In this chapter, I introduce the concept of the political logic of memory. This idea will become central to the broader thesis as I go on to navigate the construction of collective memory of the forced disappearances of the 1970s and 80s among Argentinians today, using the Parque de la Memoria as a prism to guide me. By political logic of memory, I take to mean the set of internal organising principles that govern the set of representations, discourses and practices through which meaning is attributed to the recent violent past and a project for a future politics is delineated. The concept of a logic, and a political logic, calls attention to the way that the collective memory of a society, although dynamic, contested and plural, is not a random constellation. Rather, beginning in this chapter and throughout this thesis, I hope to show how the construction and re-construction, configuration and re-configuration of collective memory in Argentina is organised according to two political logics that inform and underpin what are often exhilaratingly novel and innovative cultural, social and political interventions among human rights actors operating within this field as to how the past might be read, re-read, written, re-written, represented and thus remembered. The central claim that I shall want to make is that Argentine collective memory has a cultural biography in which it operates according to two political logics of memory.
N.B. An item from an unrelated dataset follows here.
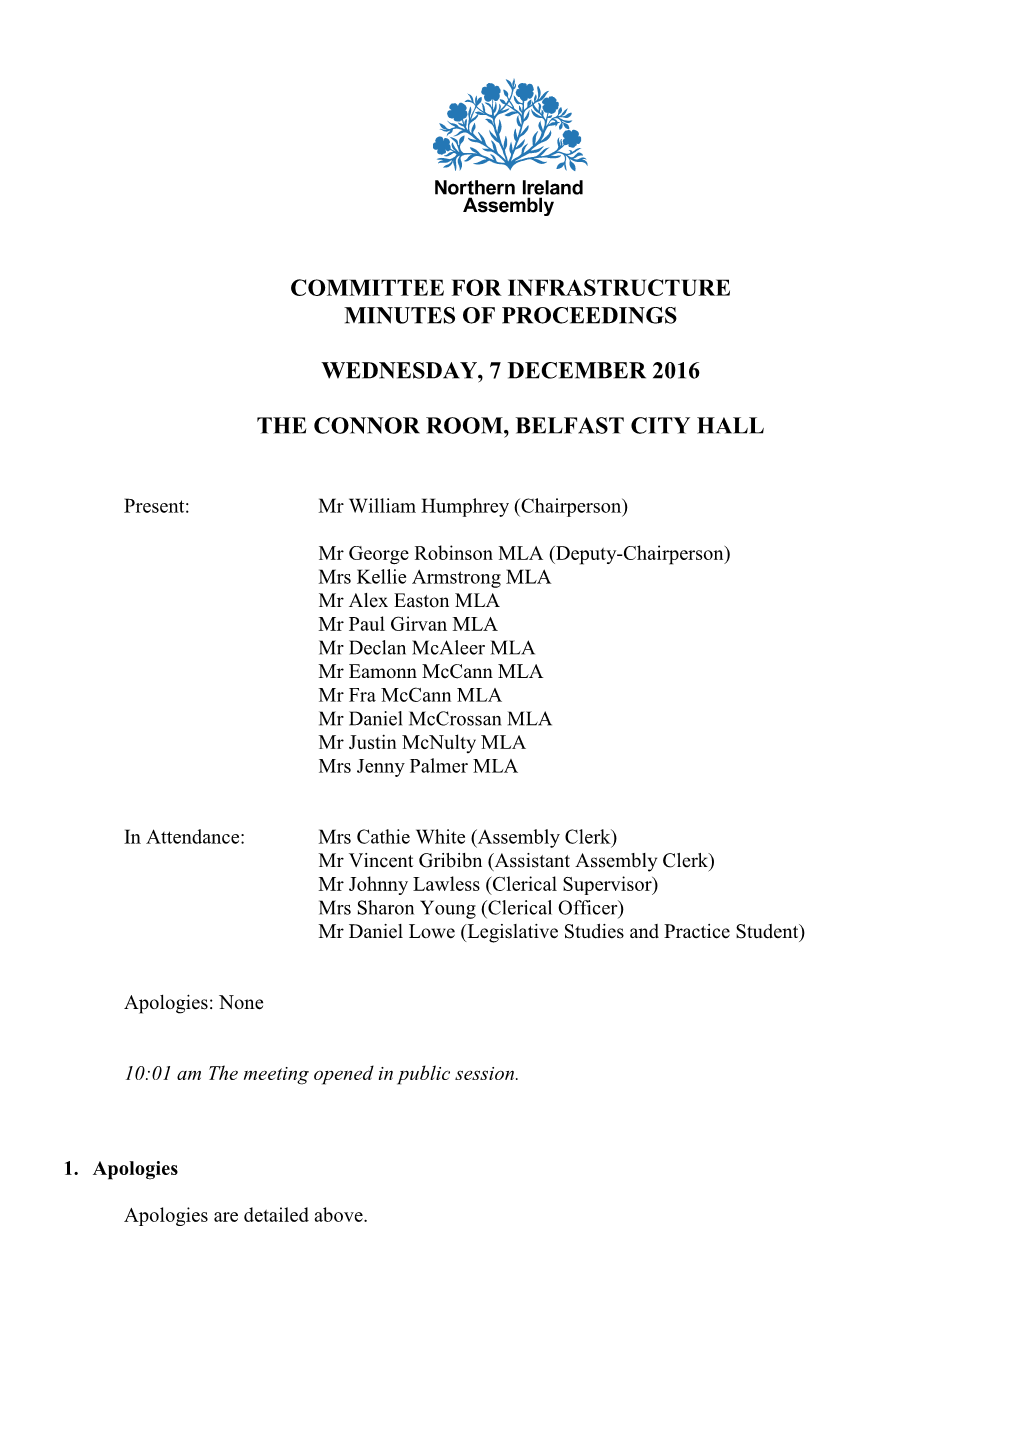 Committee for Infrastructure Minutes of Proceedings Wednesday, 7 December 2016 the Connor Room, Belfast City Hall

And that these logics can be understood as regulating the memory of the disappeared not in accordance with the logic of the human rights actors but that of society.
I proceed in four stages. Firstly, I introduce the work of Judith Butler on Frames of War (2006, 2010) as frames that operate in a symbiotic relationship with what she calls ‘norms of
recognition’ within an overall ‘field of representability’. Critically appraising Butler’s theory on the grievability of lives, I show how the idea of the frames of the memory of violence provides a penetrative vocabulary for thinking through the complex relationship(s) between memory, mourning and politics in a post-conflict society such as Argentina. I deepen the notion of memory as situating within a visual and discursive field by turning to Andreas Huyssen’s (2003) work in part two. In part three, I consider Jenny Edkins’ (2011) argument that there are two ways of doing politics when persons go missing, and use this as the basis to tease out the importance of the concept of the political logic of memory. I conclude by trying to bring the field, frames and political logics of memory back together.